# Opinions of value?



## wausuaw (Apr 15, 2011)

*Won't let me post more than one pic.*

Won't let me post more than one pic.


----------



## wausuaw (Apr 15, 2011)

Interior front tack. (Recently painted, new flooring)


----------



## wausuaw (Apr 15, 2011)

Tack compartment. The divider was removed in 2nd photo, the spare goes on front. The silver stuff I was putting up in ceiling as insulation. Hay rack on top fits 3-4 bales probably, sturdy but I haven't used it.


----------



## horselovinguy (Oct 1, 2013)

Much of your pricing will depend upon the need and availability of trailers in your area of this type and brand. Otherwise known as "what the traffic will bear ...or supply & demand."

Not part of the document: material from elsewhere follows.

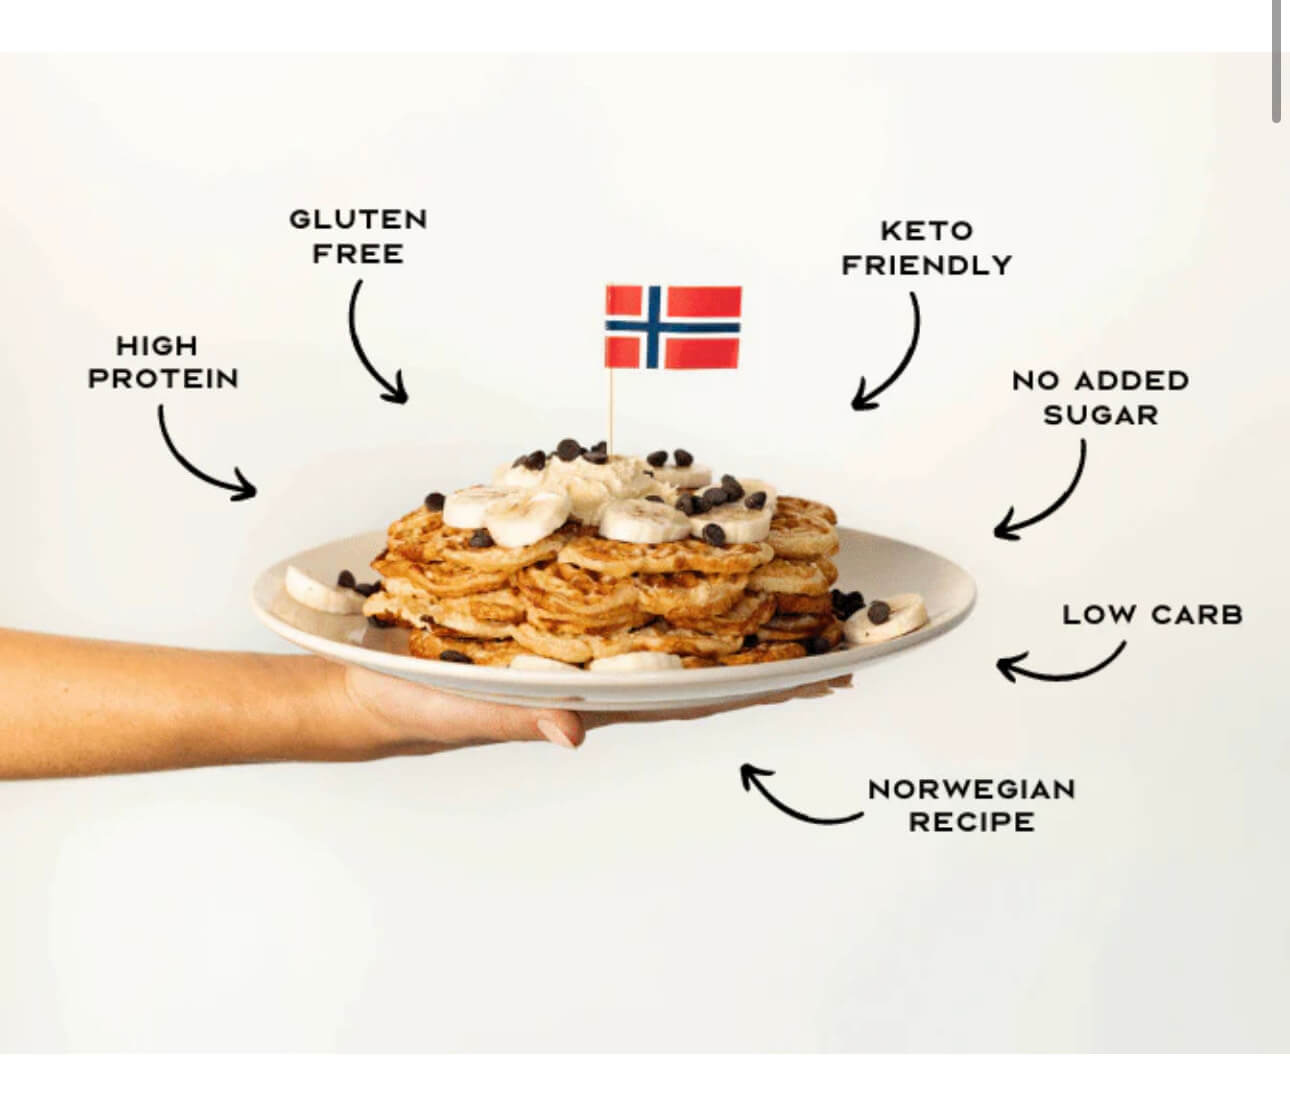 An image showing the value proposition of Viking Waffles.  There is a hand holding a waffle plate topped with bananas, chocolate chips and a small Norwegian flag.  Around the plate are words explaining the product's benefits: high protein, gluten-free, keto-friendly, no added sugar, low-fat and Norwegian recipe.

Honestly, if you are looking to sell it...just put the $***** on it {after an appraisal}  and see if you get bites of interest.
It needs work yes, it has some issues yes, it has good and bad things going for it by your own admission...
I wouldn't invest more money into it. It is near 20 years old...so to me you are/maybe asking the max. You can negotiate lower if need be at this point and still have profit in your pocket to put toward something else if that is what you are thinking...

If a horse trailer dealer is nearby why not haul it over there and get them to give you a "valuation" on it...
You might also see something else if trailer searching you could do a trade-in on and come home with another....

Go online and put in your information as factual as possible and see what you get from some of those generic places who give "what is it worth" guesstimates...


----------